• «
  • 1
  • 2
  • 3

Игорь Демидов

Думы о православии

I

Истекающее российское бедственное десятилетие 1914—1924 годов в центре событий своего конца поставило вопрос православия. Теперь приходится признать, что в общем потоке распадения изжитых форм совершилось распадение и той формы русской православной церкви, которую можно назвать императорско-синодской. Пала императорская власть петербургского периода, и вслед за нею распалась церковь, которую последовательно и упорно эта власть создавала в течение своего двухсотлетнего существования в России. И не случайно, как только не стало в России императорской власти, возродилась «соборность» церкви, и патриарх – первый иерарх православной церкви, избираемый собором, – был явлен народу после своего двухвекового небытия.

Со Всероссийским поместным собором 1917 года в Москве и с восстановлением патриаршества были связаны все религиозные чаяния верующих, но события пошли так, что собор был принужден приостановить свою работу, далеко не закончив ее. Действующим в жизни остался святейший патриарх Тихон – ставленник собора: на нем и сосредоточились все взоры верующих; от него ждали водительства по пути восстанавливающегося соборного и апостольского православия.

Приход безбожного большевизма и вспыхнувшая гражданская война осложнили положение церкви, ибо в советской власти объединились две силы – сила противоцерковная и сила противогосударственная, и те, кто не мог принять большевиков, кто выступил на борьбу с ними, мало-помалу стали видеть в патриархе не столько своего духовного водителя, сколько вождя своей политической брани.

Таким образом соборная свобода церкви, соборный путь духовно-религиозного возрождения, сверкнув на мгновение, угасли в хаосе гражданского кровопролития, и вновь восстановилось то, что было воспитано и воспринято поколениями двух веков: церковь была призвана на услуги государства, ее духовно-религиозная цель отодвинулась на второй план, а на первый встала задача государственно-политическая. Белый фронт вложил в церковные руки свое политическое знамя и тем самым предопределил появление на красном фронте красной политической церковной силы. И как в великую войну христианские народы с одним и тем же крестом и евангелием в руках горели взаимной ненавистью и убивали друг друга, так и в гражданской распре российской символы любви и мира и их носители были ввергнуты в кровавый поток вспыхнувших страстей.

Святейший патриарх Тихон не раз указывал на то, что православная церковь должна вернуться на свой путь, отказаться от целей, где нет ее духовной доли, перестать быть политическим орудием в руках светской власти: он отказался благословить Красную Армию, шедшую завоевывать Варшаву; он не послал своего благословения тому, кто шел освобождать Москву от советского ига; он предписывал церковной иерархии отойти от политики и идти на работу внутреннего, духовного возрождения затуманившейся человеческой души.

Тщетно звучал его призыв.
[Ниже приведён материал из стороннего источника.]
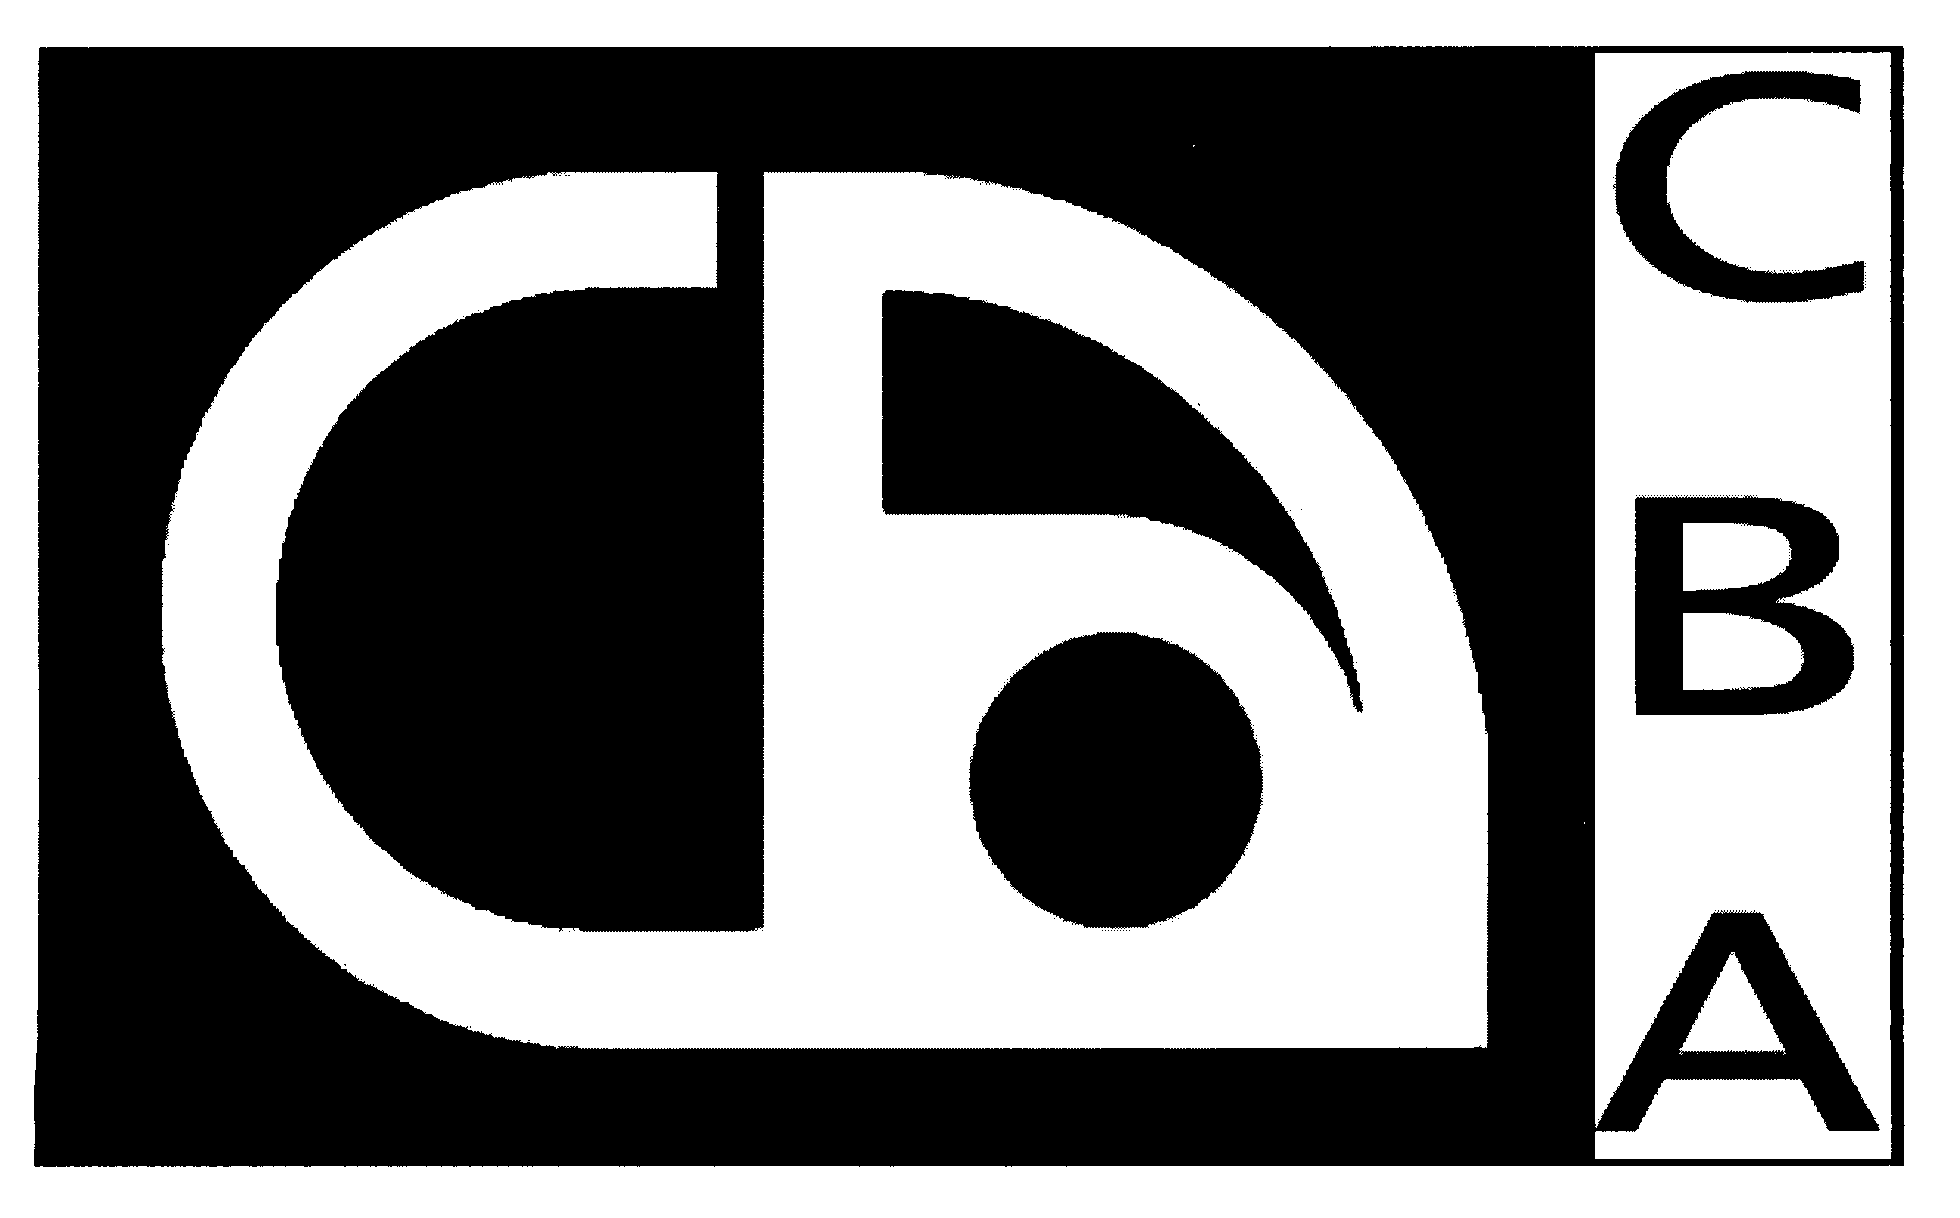 Trademark Logo CBA
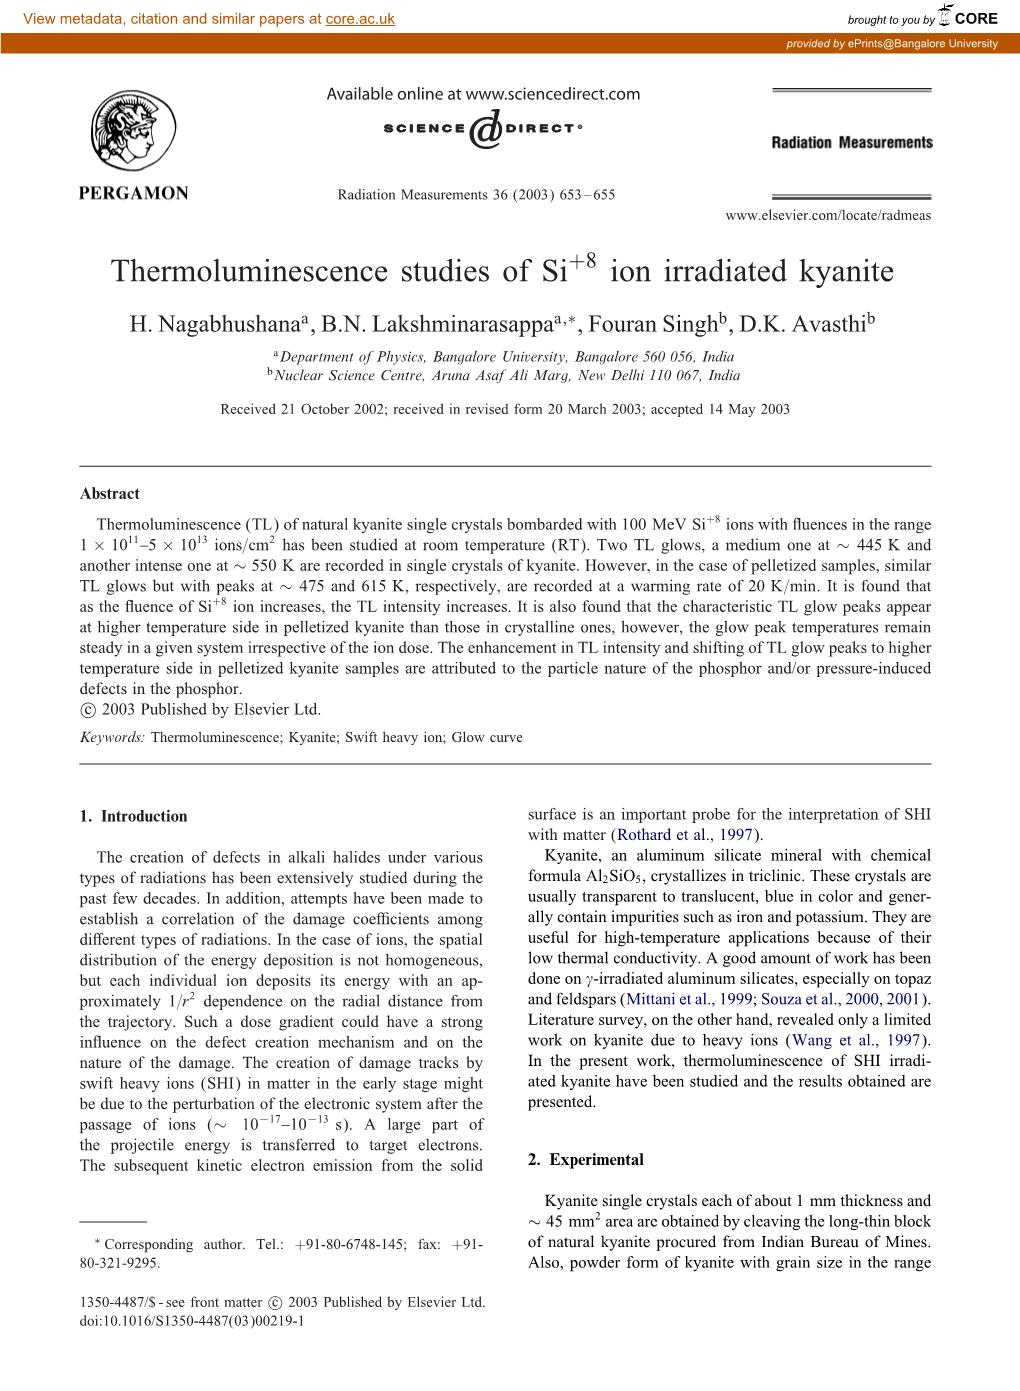 Thermoluminescence Studies of Si+8 Ion Irradiated Kyanite

Те же самые, кто ждал от него чуть ли не чуда воскрешения не только православия, но и России, как Пилат, испытывали его – «царь ли ты?». За царя ли ты? И как фарисеи искушали – подобает ли платить по́дать современному «кесарю» в России?

Карловацкий собор и собор «живой церкви» – два итога единого политического действа тех, кто двухвековой историей был воспитан в покорности «князю мира сего».

Карловацкий собор в борьбе с советской властью сказал от имени патриарха двойную ложь: что собор открывается с благословения патриарха и что он скажет здесь, за рубежом, то, что там, в России, думает, но не может сказать патриарх, – о необходимости восстановления в России монархии и о призыве на престол вновь династии Романовых.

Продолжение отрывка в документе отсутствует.